Взволнованный, я прочитал письмо дважды… Итак – тайна раскрылась. Но дело все равно надо доводить до конца. Не разыскан труп. Надо допросить врачей. Нужно ехать в город…

Частнопрактикующий врач Лейбович показал, что Никодимов действительно обращался к нему незадолго до самоубийства.

Врач собственноручно написал в протоколе допроса:

«Утверждать, что язва была безусловно люэтического характера, я не берусь, не будучи венерологом. Во всяком случае, требовалась длительная проверка и исследование крови, но больной был в отчаянии и утверждал, что у него наследственный сифилис. Успокоить его я не смог, и он ушел в возбужденном состоянии, а больше на приемах не появлялся».

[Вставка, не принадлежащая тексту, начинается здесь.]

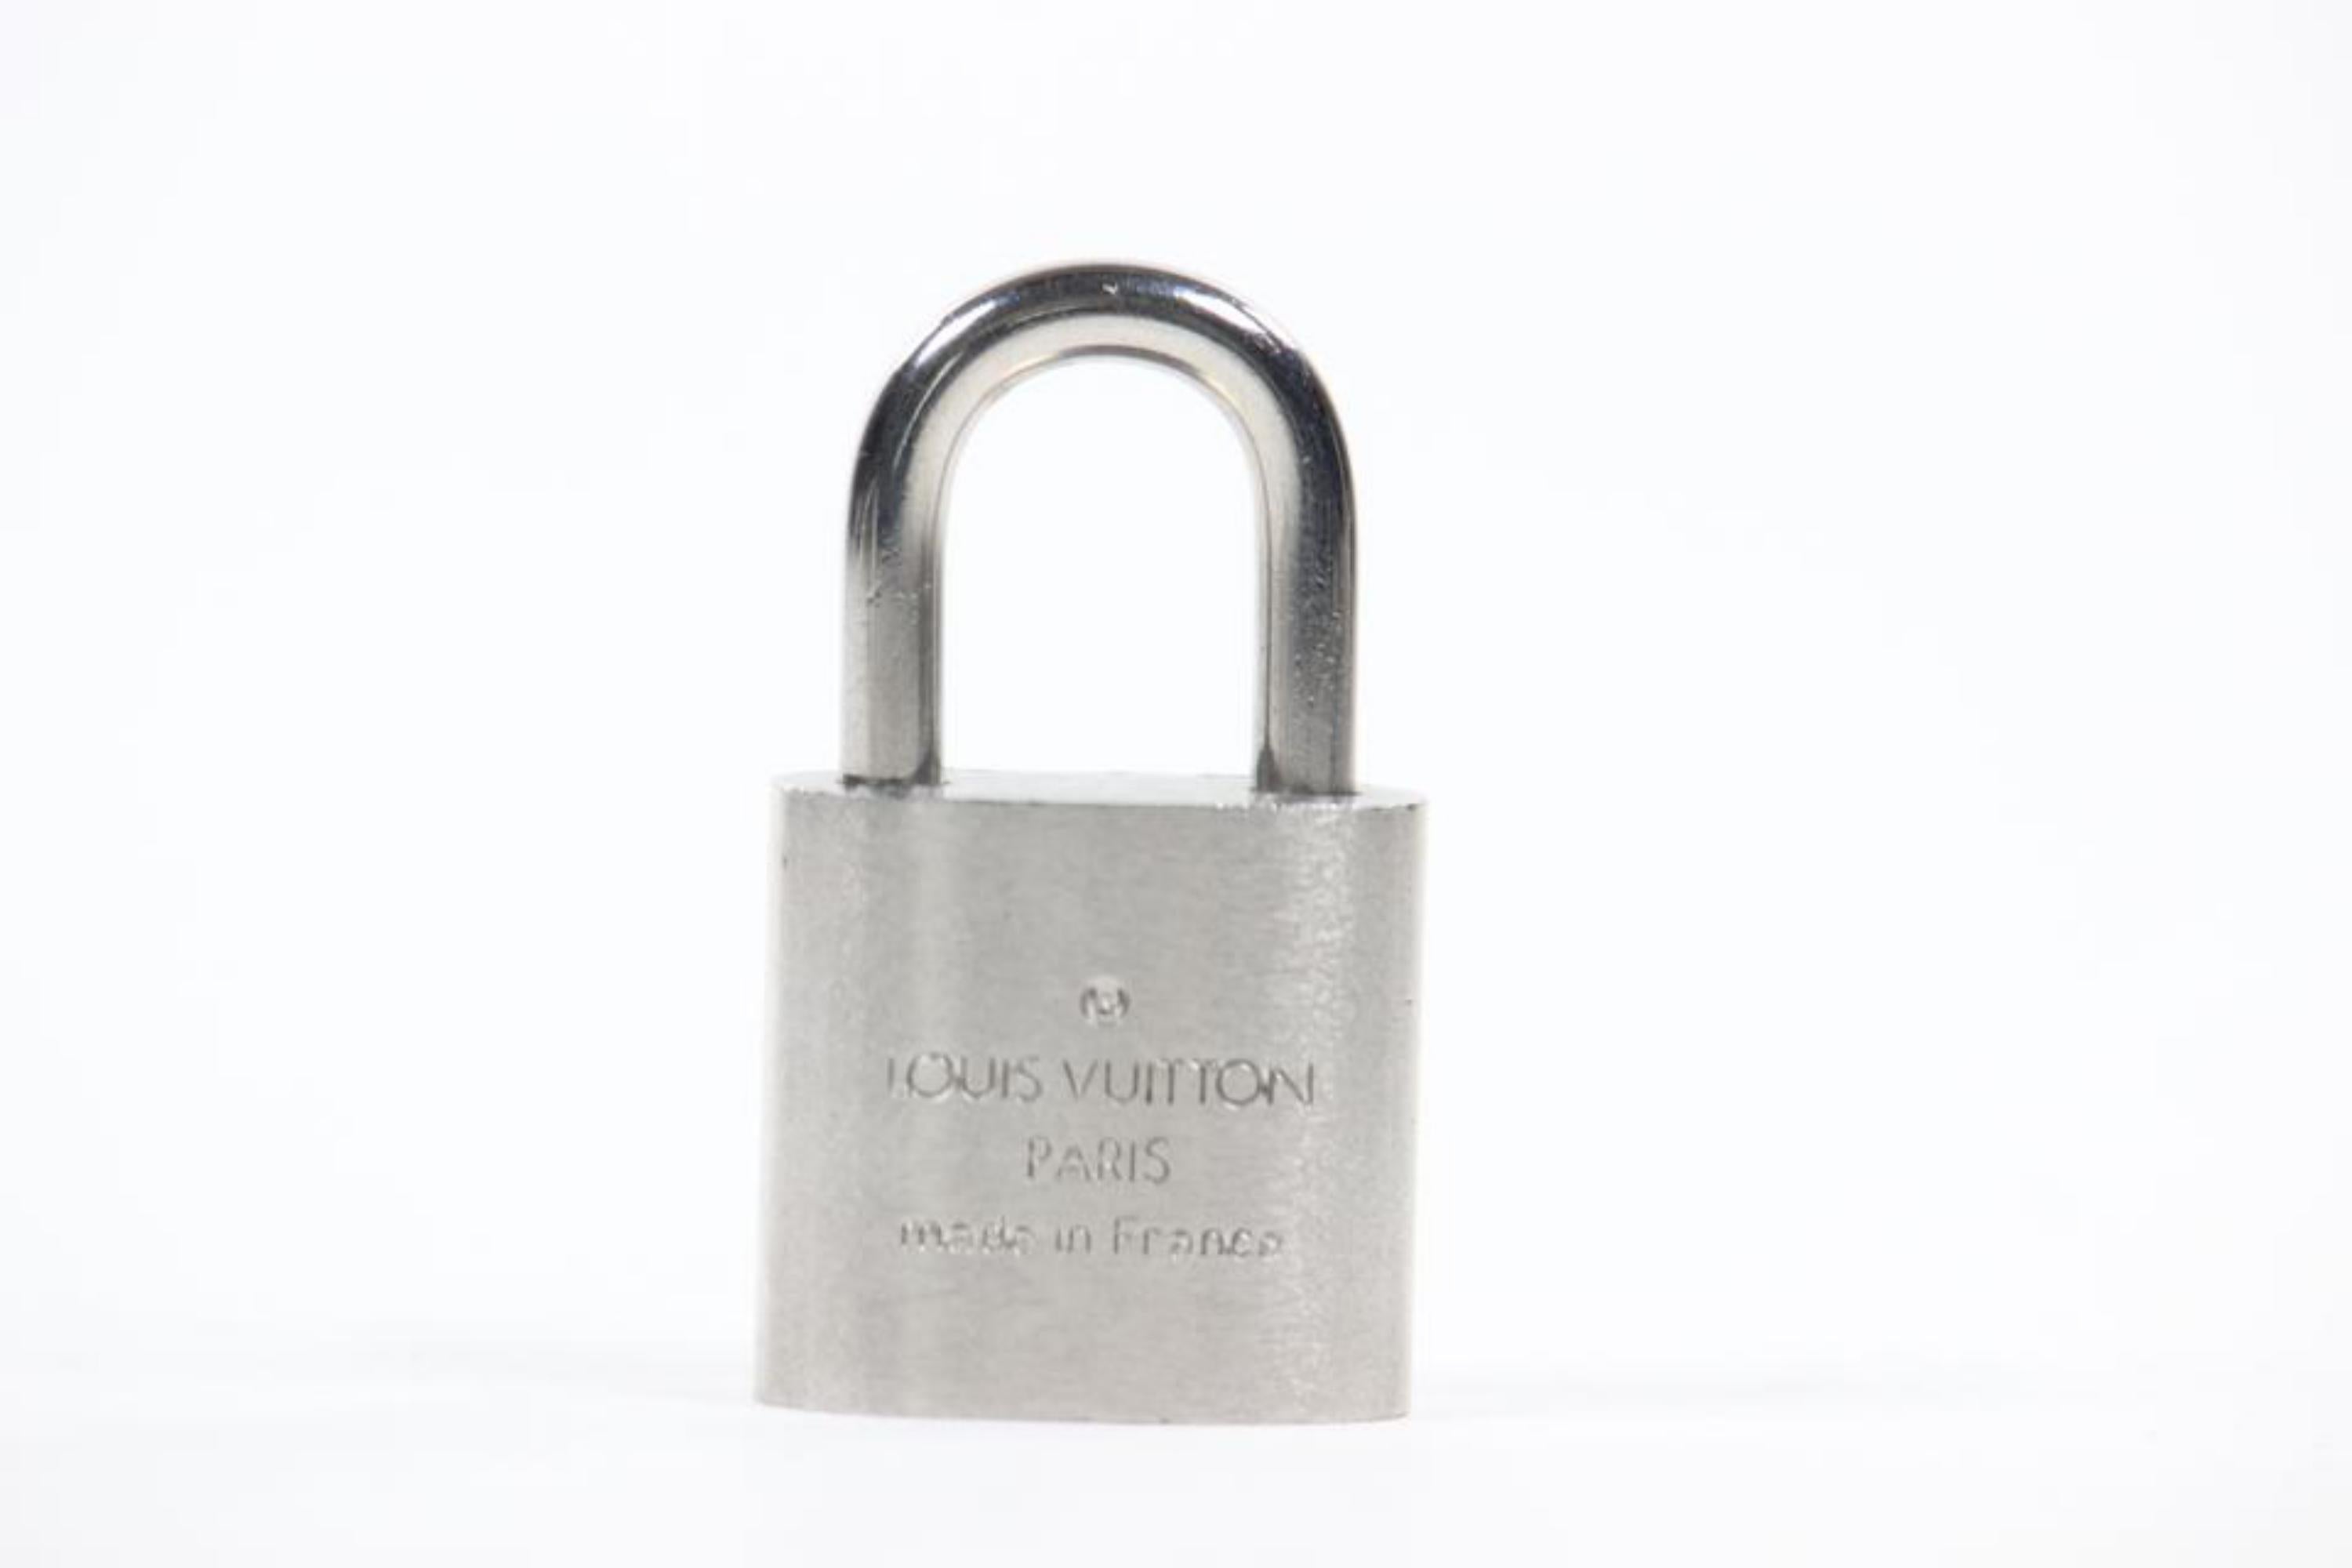 Louis Vuitton Brushed Silver Matte Padlock and Key Bag Charm Lock Set 7LZ1102 2

Государственная больница выдала справку:

«Никодимов А. И. обращался в больницу в венерологический кабинет по поводу подозрения на сифилис. Имелась язва в правом паху. Данные анамнеза: наследственный люэс. Направлен на РВ, но в лабораторию не явился и в больницу больше не приходил».

Врач-венеролог заявил:

«Помню, помню… у него была огромная и странная язва в паховой области. Сильно запущенная. Диагностировать сифилис я, конечно, без реакции Вассермана не мог. Но больной исчез из поля зрения, а взять его на учет без твердой уверенности в люэсе больница не имела права».

Я спросил:

– Так вы не уверены в сифилисе?

– Видите ли, на определенных этапах развития этой болезни внешние проявления ее иногда носят несколько неожиданный характер…

– Простите, доктор: мне просто нужно знать – был у этого вашего пациента сифилис или что-либо другое?

Врач обиделся.

– Странные вы люди, товарищи юристы! Всегда у вас какая-то категоричность! Ну, а если я вас спрошу: можно ли по наружному виду трупа человека, умершего от яда, сразу определить, что здесь – убийство или самоубийство?

– Нет, разумеется…

– Ну, слава богу' Так чего же вы от меня требуете? Вспоминаю еще, что у этого больного была подозрительная краснота на спине и в полости горла. И вообще какой-то очень неопрятный человек! Воняло от него потом, керосином, еще чем-то!.. Очень, очень неопрятный товарищ!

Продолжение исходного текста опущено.